SOURCE DATA Block Start
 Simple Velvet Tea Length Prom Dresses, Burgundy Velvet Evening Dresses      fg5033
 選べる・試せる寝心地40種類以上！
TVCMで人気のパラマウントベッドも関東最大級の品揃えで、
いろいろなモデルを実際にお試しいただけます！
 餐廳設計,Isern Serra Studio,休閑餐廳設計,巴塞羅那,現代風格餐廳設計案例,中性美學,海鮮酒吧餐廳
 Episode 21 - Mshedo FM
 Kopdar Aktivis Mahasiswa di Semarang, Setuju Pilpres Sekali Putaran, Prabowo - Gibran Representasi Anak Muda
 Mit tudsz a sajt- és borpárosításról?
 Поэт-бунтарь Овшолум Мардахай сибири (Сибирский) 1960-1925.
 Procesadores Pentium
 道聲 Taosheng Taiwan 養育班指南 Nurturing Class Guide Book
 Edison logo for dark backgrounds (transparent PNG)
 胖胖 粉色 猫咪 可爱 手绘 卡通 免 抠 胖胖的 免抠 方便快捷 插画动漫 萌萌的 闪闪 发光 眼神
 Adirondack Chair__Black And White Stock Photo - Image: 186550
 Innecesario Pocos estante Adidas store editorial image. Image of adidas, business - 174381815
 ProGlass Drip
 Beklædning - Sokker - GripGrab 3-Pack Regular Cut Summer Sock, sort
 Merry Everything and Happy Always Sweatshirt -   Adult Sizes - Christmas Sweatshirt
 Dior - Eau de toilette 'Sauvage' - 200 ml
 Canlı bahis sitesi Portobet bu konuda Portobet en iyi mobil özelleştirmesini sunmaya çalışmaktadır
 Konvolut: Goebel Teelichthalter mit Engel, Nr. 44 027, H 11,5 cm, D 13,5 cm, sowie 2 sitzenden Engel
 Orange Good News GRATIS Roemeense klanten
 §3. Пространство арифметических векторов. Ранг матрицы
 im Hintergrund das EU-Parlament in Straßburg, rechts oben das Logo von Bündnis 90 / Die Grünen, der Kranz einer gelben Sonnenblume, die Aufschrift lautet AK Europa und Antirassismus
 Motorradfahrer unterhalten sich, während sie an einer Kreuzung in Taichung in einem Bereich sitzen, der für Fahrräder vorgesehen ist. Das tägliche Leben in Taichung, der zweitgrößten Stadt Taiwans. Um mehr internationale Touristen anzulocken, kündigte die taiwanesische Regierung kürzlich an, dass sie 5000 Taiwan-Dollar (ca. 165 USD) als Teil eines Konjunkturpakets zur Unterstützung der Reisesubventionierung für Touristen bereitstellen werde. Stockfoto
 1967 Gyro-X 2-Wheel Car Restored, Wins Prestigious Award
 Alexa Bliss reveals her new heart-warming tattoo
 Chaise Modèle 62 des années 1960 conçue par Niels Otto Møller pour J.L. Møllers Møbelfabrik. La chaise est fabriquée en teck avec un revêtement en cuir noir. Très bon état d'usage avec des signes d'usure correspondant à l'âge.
SOURCE DATA Block End
--- TASK ITEM ---
Return the listing above exactly, line for line.

--- EXPECTED OUTPUT ---
 Simple Velvet Tea Length Prom Dresses, Burgundy Velvet Evening Dresses      fg5033
 選べる・試せる寝心地40種類以上！
TVCMで人気のパラマウントベッドも関東最大級の品揃えで、
いろいろなモデルを実際にお試しいただけます！
 餐廳設計,Isern Serra Studio,休閑餐廳設計,巴塞羅那,現代風格餐廳設計案例,中性美學,海鮮酒吧餐廳
 Episode 21 - Mshedo FM
 Kopdar Aktivis Mahasiswa di Semarang, Setuju Pilpres Sekali Putaran, Prabowo - Gibran Representasi Anak Muda
 Mit tudsz a sajt- és borpárosításról?
 Поэт-бунтарь Овшолум Мардахай сибири (Сибирский) 1960-1925.
 Procesadores Pentium
 道聲 Taosheng Taiwan 養育班指南 Nurturing Class Guide Book
 Edison logo for dark backgrounds (transparent PNG)
 胖胖 粉色 猫咪 可爱 手绘 卡通 免 抠 胖胖的 免抠 方便快捷 插画动漫 萌萌的 闪闪 发光 眼神
 Adirondack Chair__Black And White Stock Photo - Image: 186550
 Innecesario Pocos estante Adidas store editorial image. Image of adidas, business - 174381815
 ProGlass Drip
 Beklædning - Sokker - GripGrab 3-Pack Regular Cut Summer Sock, sort
 Merry Everything and Happy Always Sweatshirt -   Adult Sizes - Christmas Sweatshirt
 Dior - Eau de toilette 'Sauvage' - 200 ml
 Canlı bahis sitesi Portobet bu konuda Portobet en iyi mobil özelleştirmesini sunmaya çalışmaktadır
 Konvolut: Goebel Teelichthalter mit Engel, Nr. 44 027, H 11,5 cm, D 13,5 cm, sowie 2 sitzenden Engel
 Orange Good News GRATIS Roemeense klanten
 §3. Пространство арифметических векторов. Ранг матрицы
 im Hintergrund das EU-Parlament in Straßburg, rechts oben das Logo von Bündnis 90 / Die Grünen, der Kranz einer gelben Sonnenblume, die Aufschrift lautet AK Europa und Antirassismus
 Motorradfahrer unterhalten sich, während sie an einer Kreuzung in Taichung in einem Bereich sitzen, der für Fahrräder vorgesehen ist. Das tägliche Leben in Taichung, der zweitgrößten Stadt Taiwans. Um mehr internationale Touristen anzulocken, kündigte die taiwanesische Regierung kürzlich an, dass sie 5000 Taiwan-Dollar (ca. 165 USD) als Teil eines Konjunkturpakets zur Unterstützung der Reisesubventionierung für Touristen bereitstellen werde. Stockfoto
 1967 Gyro-X 2-Wheel Car Restored, Wins Prestigious Award
 Alexa Bliss reveals her new heart-warming tattoo
 Chaise Modèle 62 des années 1960 conçue par Niels Otto Møller pour J.L. Møllers Møbelfabrik. La chaise est fabriquée en teck avec un revêtement en cuir noir. Très bon état d'usage avec des signes d'usure correspondant à l'âge.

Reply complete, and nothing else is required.